Tommy is given the job of acting as host to the visiting American representative of the firm, Henry Bullock, who turns out to be the son of the head of the firm, the present Duke. They become friends and the friendship survives Henry becoming the new Duke when his father dies. Circumstantial evidence shows that the true Bournemouth heir is actually Tommy; we see a series of family portraits each of which captures something of Tommy's facial characteristics, and his Indian mother tells him the story of his adoption. He consults the lawyer who dealt with his adoption, Raoul P Shadgrind, who says Tommy has no hope of proving his claim, but plants the idea of him obtaining his rightful place in the family by getting Henry out of the way; Shadgrind himself then engineers a variety of 'accidents' in the belief that he will share in the spoils as Tommy's partner. Love interest is provided by Tommy's and Henry's (shared at the same time) lover, later the new Duchess and their (shared at different times) mother, the dowager Duchess. The final resolution of everyone's doubts and misconceptions leaves everyone living "happily ever after – "well, for a bit, at least..."

==Reception==
The film received negative reviews. Vincent Canby of The New York Times praised the film, calling it "a genial entertainment in the Monty Python tradition, a series of madly illogical sequences that even include something a screen card identifies as 'Hindu Dream Sequence.'"
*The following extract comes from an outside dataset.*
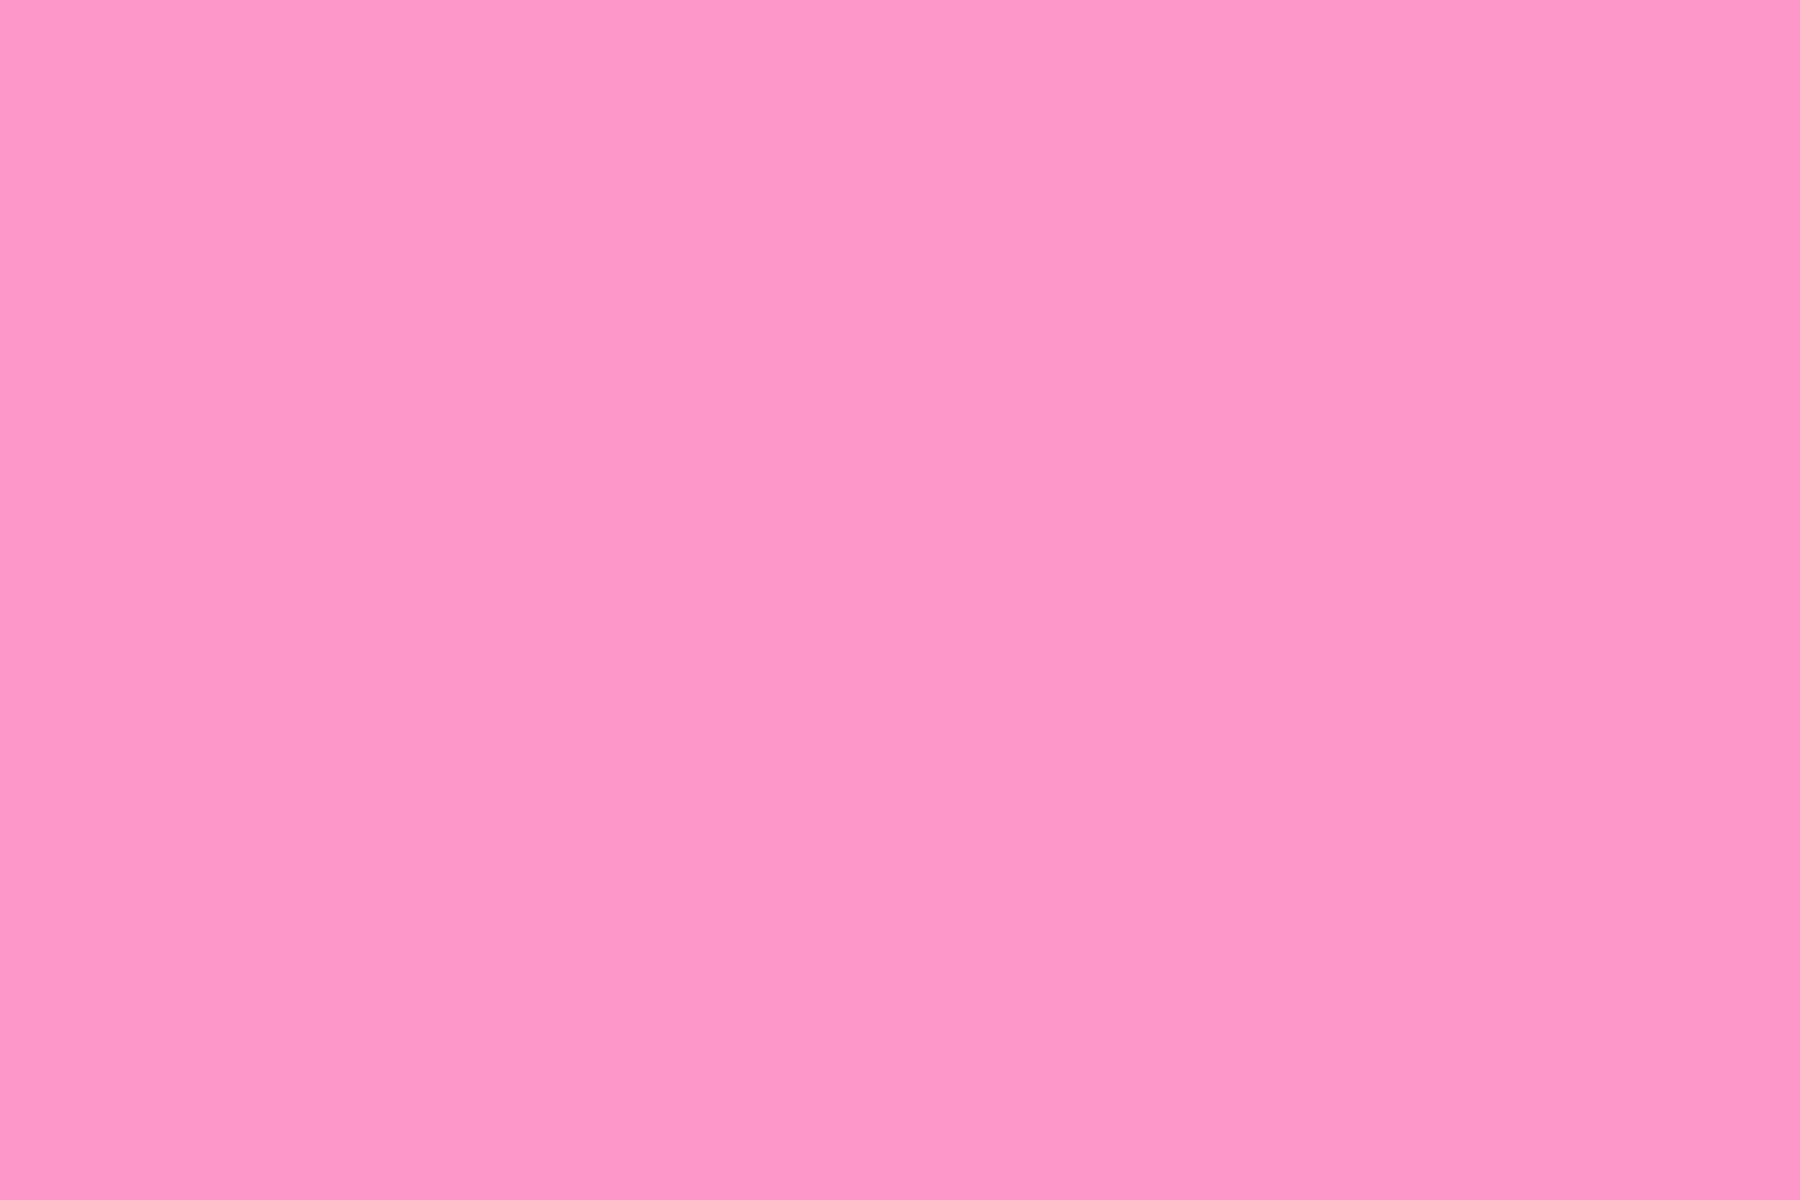 HD wallpaper, Plain, Backgrounds, Pink

Dave Kehr of the Chicago Tribune wrote, "As farce, the film never acquires the necessary speed or cleverness. A cruelly protracted scene in which a bucknaked Idle is forced to hide in Jones' closet when Moranis comes calling gives you plenty of time to wonder whether the Nautilus franchise is still available for England." In the Deseret News, Chris Hicks described the film as "sleazy" and "desperate".

Michael Wilmington of the Los Angeles Times said, "All the actors are fun to watch, particularly Moranis, who's playing a little swiftie this time, instead of one of his usual nerds. But the only really withering comic turn is supplied by Cleese, as Shadgrind the lawyer." Wilmington concluded though the film has laughs, "it doesn't have the brilliance of the old Pythons. It doesn't pulse, rage, knock your socks off."

Roger Ebert of the Chicago Sun-Times gave the film a mixed review, believing much of the humor would be lost on American audiences. Though he said Hershey's performance was the film's highlight, he stated Idle and Moranis were miscast and should have switched roles.

Rotten Tomatoes gives the film a rating of 7% from 14 reviews.

===Box office===
The film grossed £1.3 million ($1.9 million) in the United Kingdom. It performed poorly in the United States and Canada with a gross of just $3.2 million.

===Cannes Film Festival===
Weeks after its disappointing U.S. theatrical performance, Splitting Heirs played in competition at the 1993 Cannes Film Festival. Its acceptance in the prestigious competition was widely criticized in the press. Critic Vincent Canby wrote that the film's presence "affronted nearly everybody, the English critics in particular." Critic Kenneth Turan later wrote in The Guardian in 2002, "Every Cannes veteran has his or her list of ridiculous films that were somehow let in, from the dim British comedy Splitting Heirs to the unreleasable Johnny Depp-directed The Brave." In a 2018 interview, Eric Idle cited the U.K. press's criticism of the film's Cannes appearance as a deciding factor for his relocation to the United States.

==Home media==
The film has been released on VHS in the United States and Britain. A Region 1 DVD has been released in the United States, and a Nordic edition Region 2 DVD was released in 2010. A Blu-ray was released through Mill Creek Entertainment on 19 October 2021.